-1

I have built a small system that gathers and analyses surveys and I need to find way to optimise performance. I noticed many of the queries have parts in common and they are performed many many times. In the example below the survey_q_id` = '180002' part is the one that changes.

SELECT COUNT(`result_q`.`id`) as result_q_c 
FROM result_q
LEFT JOIN `survey_save` ON `survey_save`.`id` = `result_q`.`ss_id` 
WHERE `result_q`.`survey_q_id` = '180002' 
AND `survey_save`.`survey_order_id` IN (1, 2, 3, 4, 5, 6, 7, 8, 9, 10) 
AND `survey_save`.`id` IN (7,9,24,26,29,30,31,33,34,38,39,41,45,46,47,50,51,52,53,64,65,68,74,76,79,81,82,87,92,93,96,115,116,117,131,148,149,150,151,153,155,156,159,160,162,165,166,168,176,179,182,186,188,190,194,201,204,208,210,211,216,221,226,235,236,232,250,266,279,280,283,287,290,298,299,304,307,308,315,317,318,330,342,356,357,358,360,366,367,370,373,374,379,380,383,390,391,394,397,402,404,405,406,408,413,415,436,446,450,458,465,467,468,469,471,473,477,479,480,481,485,489,493,494,500,504,518,521,532,536,539,542,544,568,570,574,576,579,582,584,585,586,594,595,598,621,622,629,651,652,653,657,658,665,669,674,675,684,690,696,700,708,712,715,721,722,723,724,739,740,749,756,757,761,764,765,767,770,775,776,780,787,788,792,800,805,809,813,815,818,821,824,829,830,831,832,841,843,865,866,867,868,869,870,871,872,873,874,875,876,877,878,879,880,881,882,883,884,885,886,887,888,889,890,891,892,893,894,895,896,982,983,986,988,991,993,996,998,1001,1003,1006,1009,1011,1013,1019,1021,1024,1027,1032,1061) 
AND `result_q_radio`.`date_save` > '2019-01-01 00:00:00'
AND `result_q_radio`.`date_save` < '2022-05-16 12:19:44'

So the set of data is limited and then I need to count how many of the partial data set has one of the columns set with an id of x.
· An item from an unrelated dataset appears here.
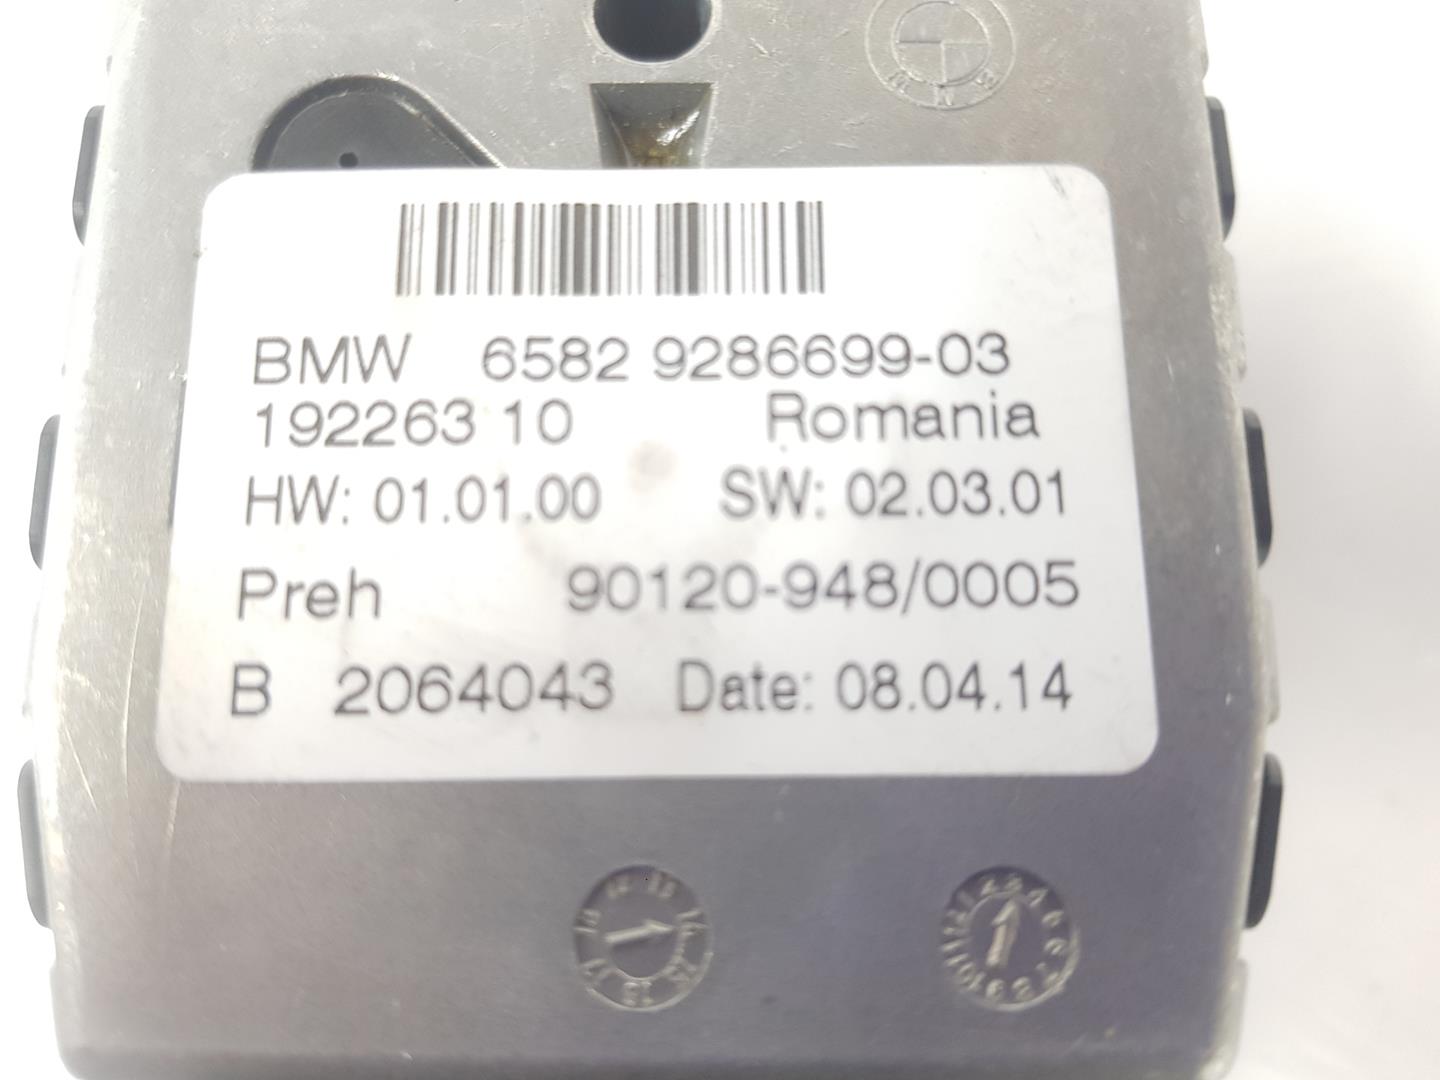 BMW X4 F26 (2014-2018) Navigacijos valdymo ratukas 65829286699, 65829286699 19828036

The survey_order_id and all ids are indexed. The data set is not static - result_q table grows a lot daily but when analysis is performed the range of result_q entries is read-only so no new elements are added to the analysed data set when analysis of it is allowed. So the survey X that consisted of Y number of people filling in generated many entries into the result_q table but when survey is closed these entries don't change - new entries are added but the set that consists of that one survey doesn't change.

The amount of data collected grows a lot daily and I need to be able to tell MySQL that we work on these rows only with each request. Data will be analysed in many ways so these will not be static but on a particular page call big part of many queries will work only on a specific portion of data. I assume there is some caching mechanism that may be optimising this in the background but I would appreciate if someone has any idea for improvement here.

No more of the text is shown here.